А потом я встретил одну местную поэтессу, которая мне сказала:
– Твои стихи – ерунда. Но для твоих двенадцати лет годится.
Я ответил:
– Мне почти тринадцать.
А она:
– Тогда никуда не годится. Знаешь, милый друг, пора учиться начинать.
И стала мне объяснять про все эти ямбы-хореи-амфибрахии, рифмы мужские и дактилические, рифмовки перекрёстные и опоясывающие.
Но я был парень сообразительный – очень скоро рифмовал не хуже Пушкина.
Вот только стихи всё равно были отвратительны. Но я, само собой, этого не понимал. Так бывает. Тем более, что стихи стали печатать в местных изданиях – а ничего хуже для молодого поэта быть, разумеется, не может.
Очень не скоро я понял, что такие стихи не то, что печатать, но и писать то не нужно. Но хорошо хоть, что понял, всё-таки парень я был сообразительный.
А тут очень вовремя и школа как раз окончилась. И уехал я жить в Город, где первое время мне было вовсе не до стихов.
Но долго ли коротко, а бросить писать стихи не так-то просто, если уж начал. Стали они у меня скапливаться, иногда перекочёвывая в тетрадки жопастеньких однокурсниц.

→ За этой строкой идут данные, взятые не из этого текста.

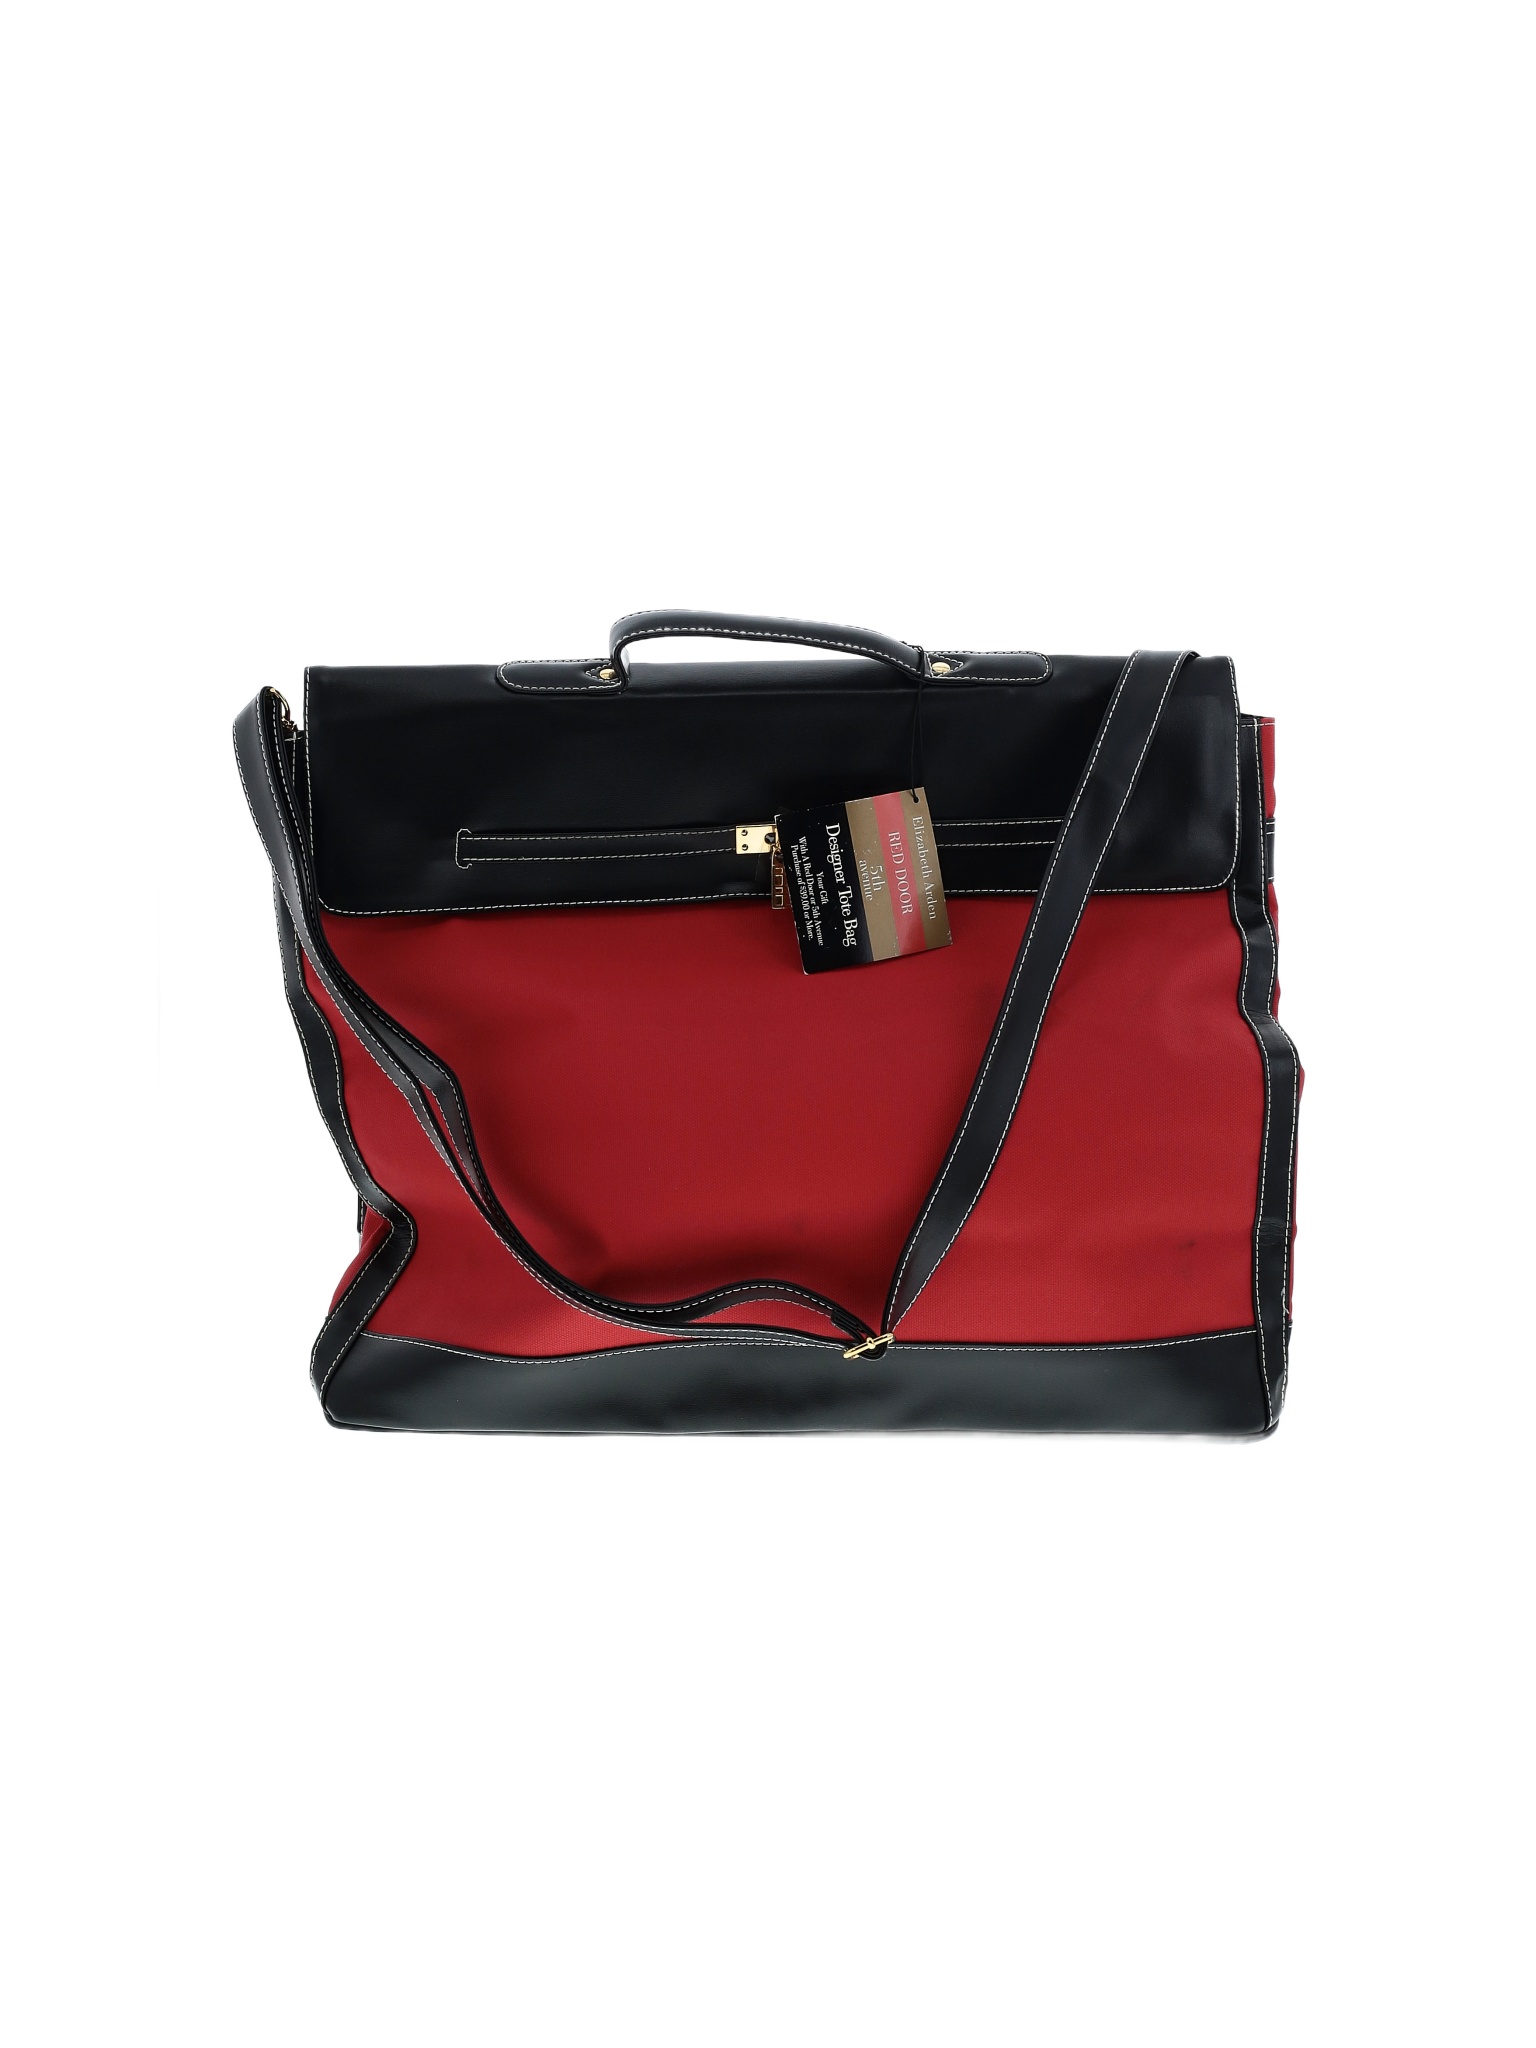 Elizabeth Arden Handbags On Sale Off Retail | thredUP
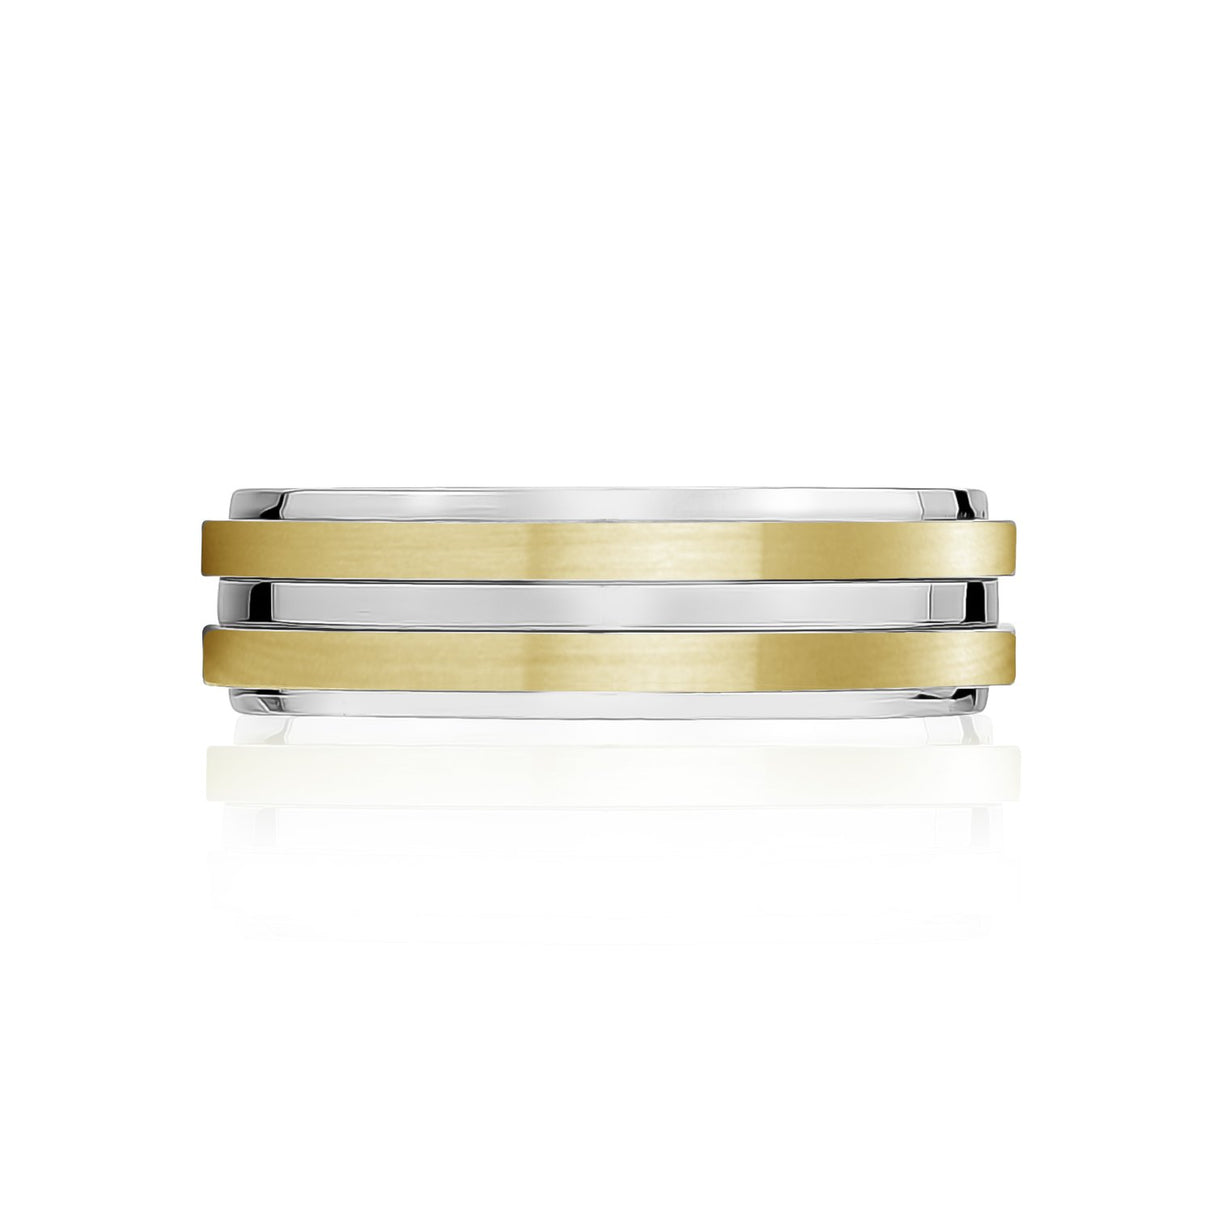 男性用リング - 7mmゴールドステンレススチール結婚指輪リング - 刻印可能

По счастью, я в те времена завёл себе привычку после написания очередного шедевра откладывать его в тёмное место недели на две, а ещё лучше, на месяц. А спустя месяц – удалять. И оставлять лишь те стихи, на которые в буквальном смысле рука не поднимается.
Таким вот нехитрым методом стал я опять поэтом. Но быть просто поэтом мне казалось недостаточным. Хотелось быть поэтом хорошим, а ещё лучше – отличным.
И вывел я формулу для определения качества поэта. Разделил я всех поэтов на три категории. Хорошие поэты – это те, чьи стихи все печатают, да ещё и деньги им за это платят. Неплохие поэты – это те, чьи стихи все печатают, но денег не платят. И псевдо-поэты – это те, кого печатают только в том случае, если поэт сам за это заплатит.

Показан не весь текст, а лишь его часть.